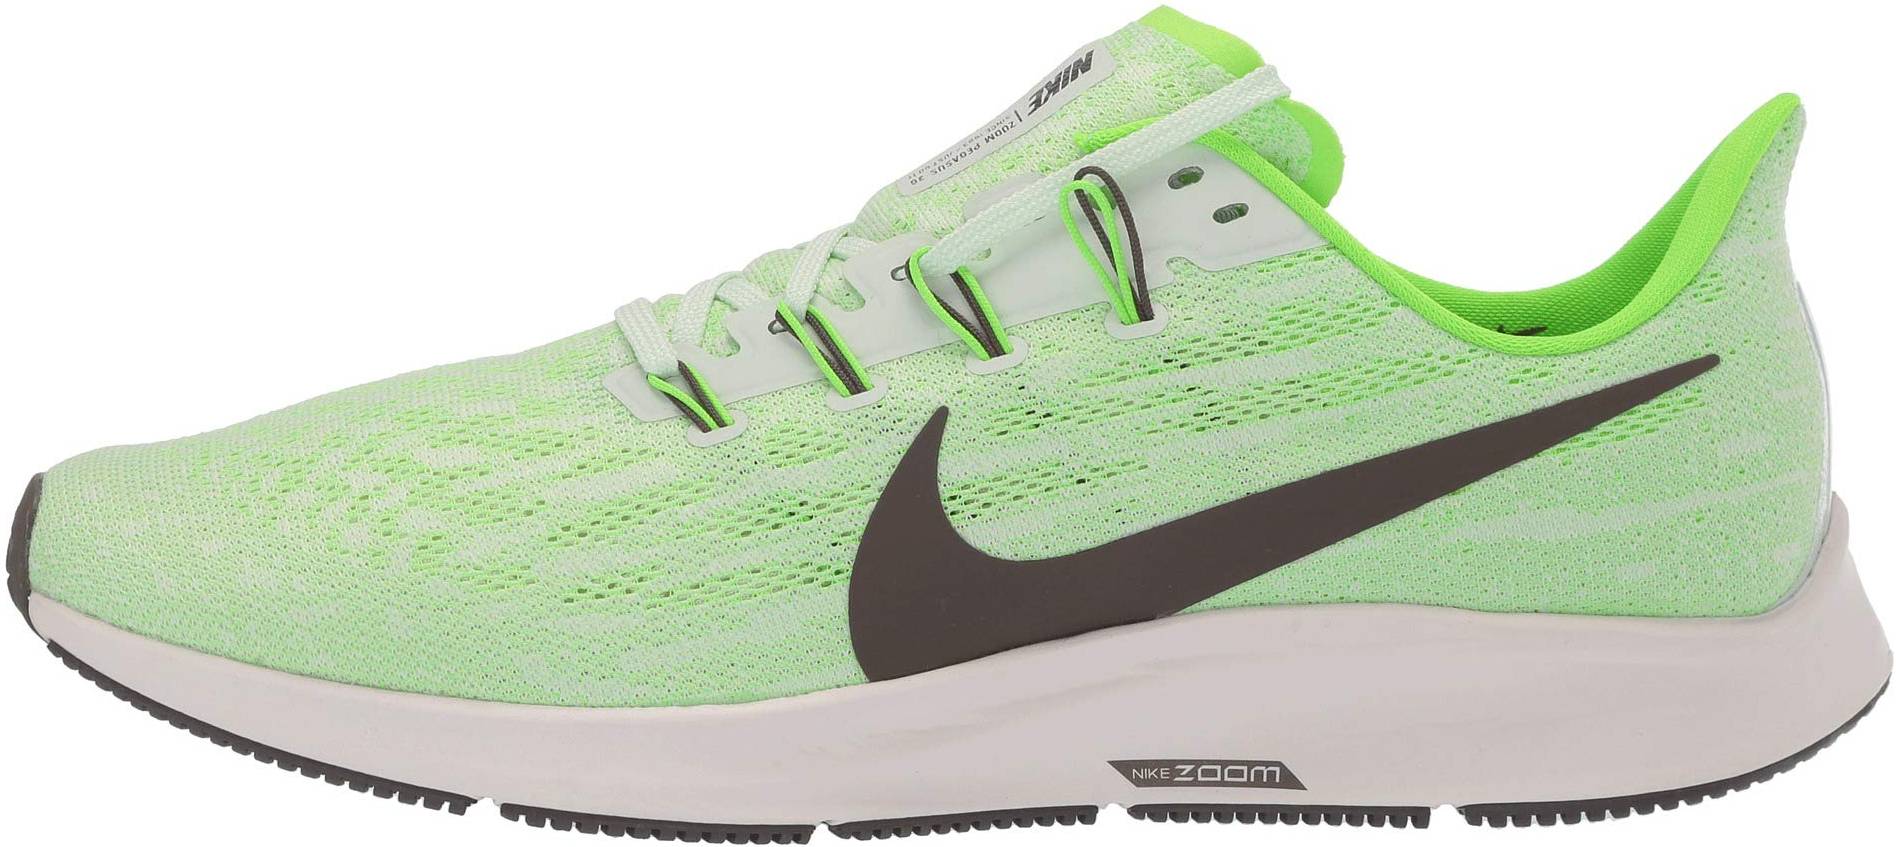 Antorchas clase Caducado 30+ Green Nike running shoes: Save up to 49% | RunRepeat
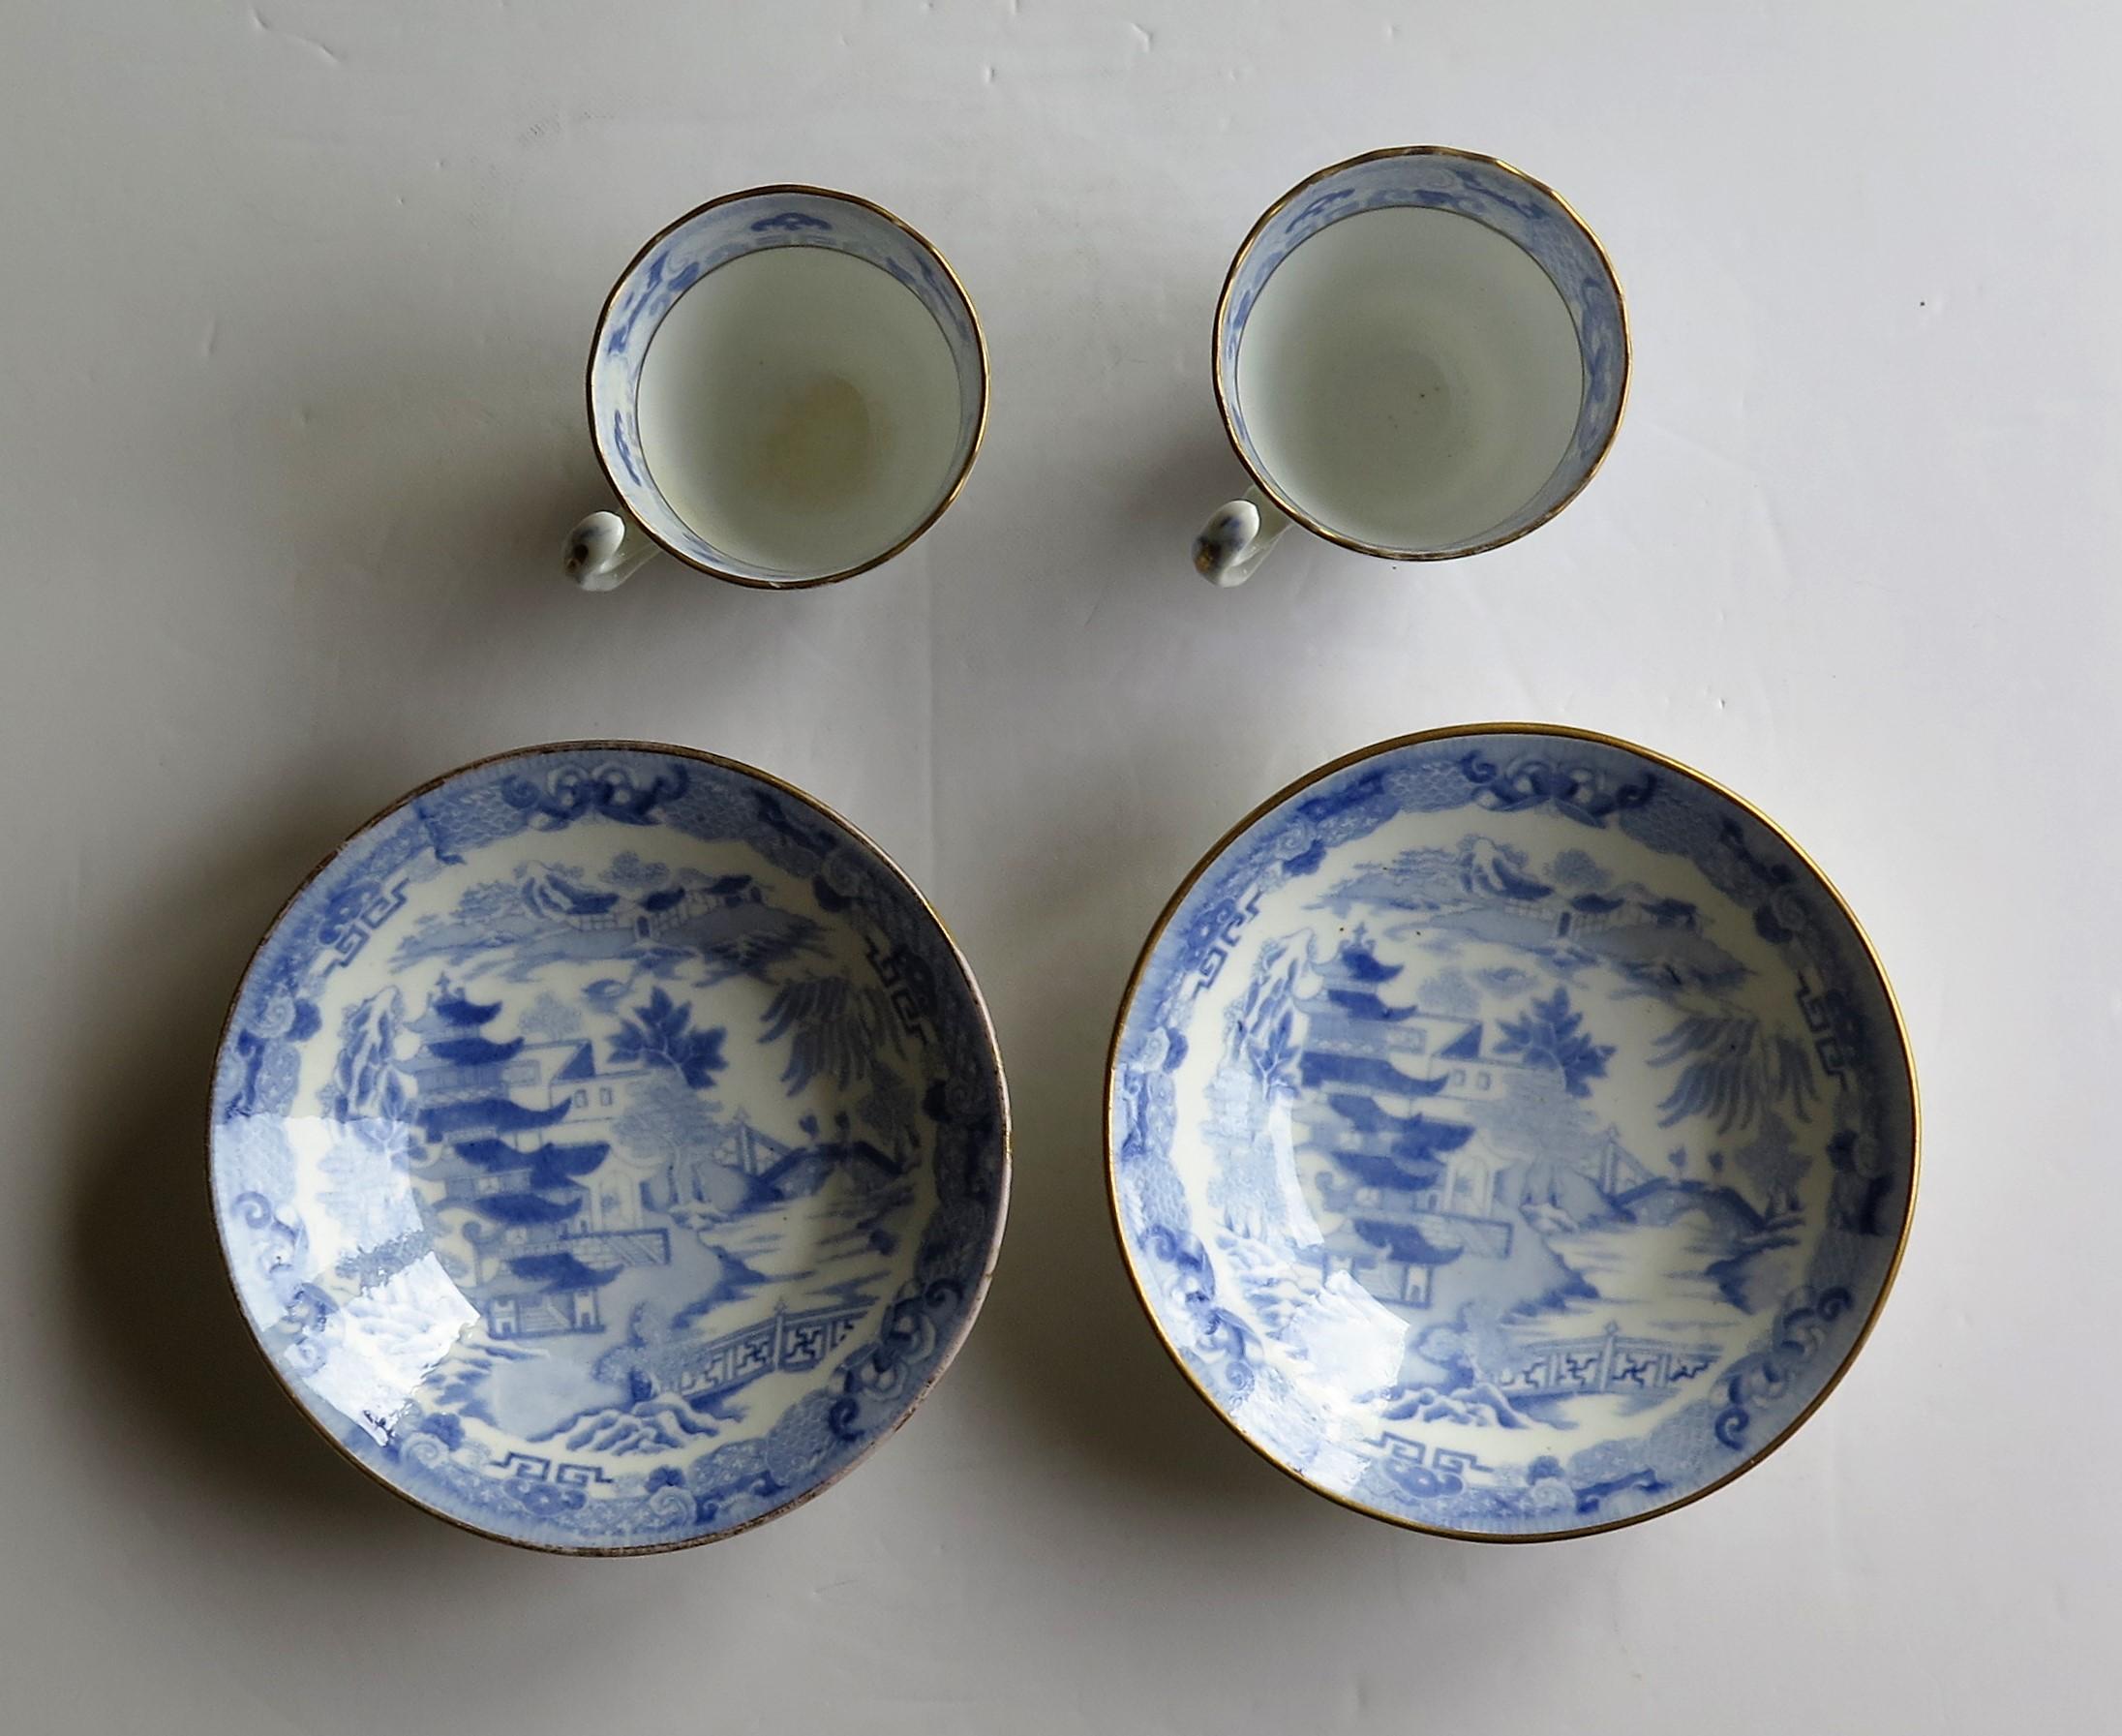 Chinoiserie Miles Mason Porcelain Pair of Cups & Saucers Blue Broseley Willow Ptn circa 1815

==

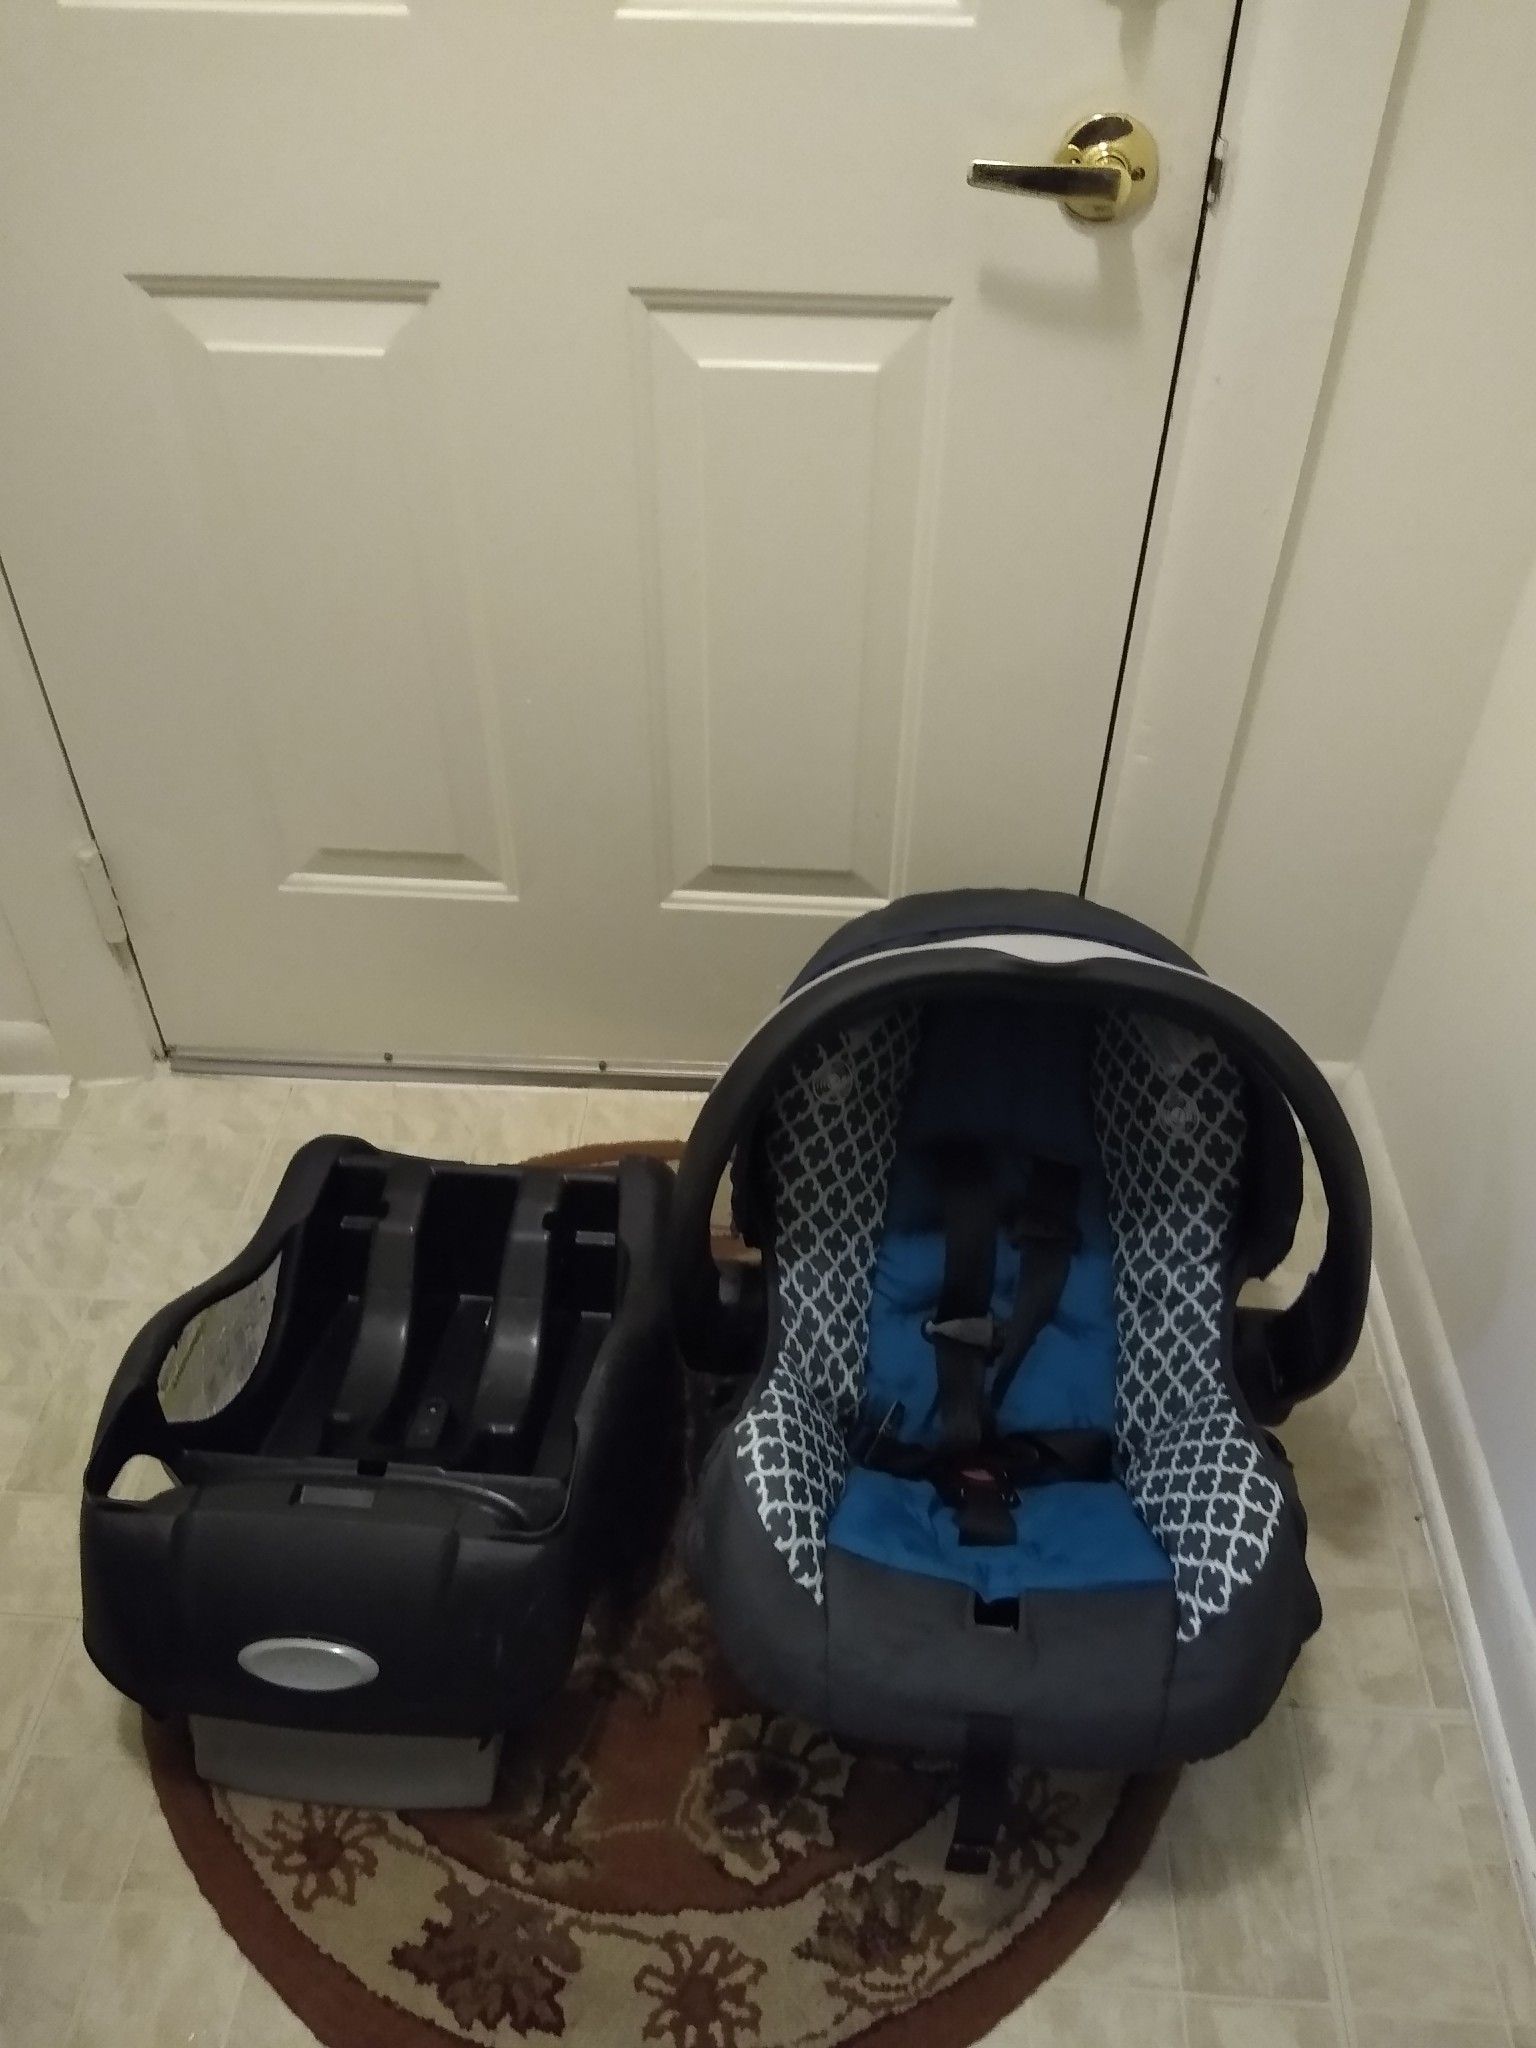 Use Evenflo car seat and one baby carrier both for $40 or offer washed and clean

- Exercise requirements
From the records above, copy exactly the stretch from the line holding "Antorchas clase Caducado" through the line holding "Chinoiserie Miles Mason", both ends included, without the pictures.

- Written response
 Antorchas clase Caducado 30+ Green Nike running shoes: Save up to 49% | RunRepeat
 Chinoiserie Miles Mason Porcelain Pair of Cups & Saucers Blue Broseley Willow Ptn circa 1815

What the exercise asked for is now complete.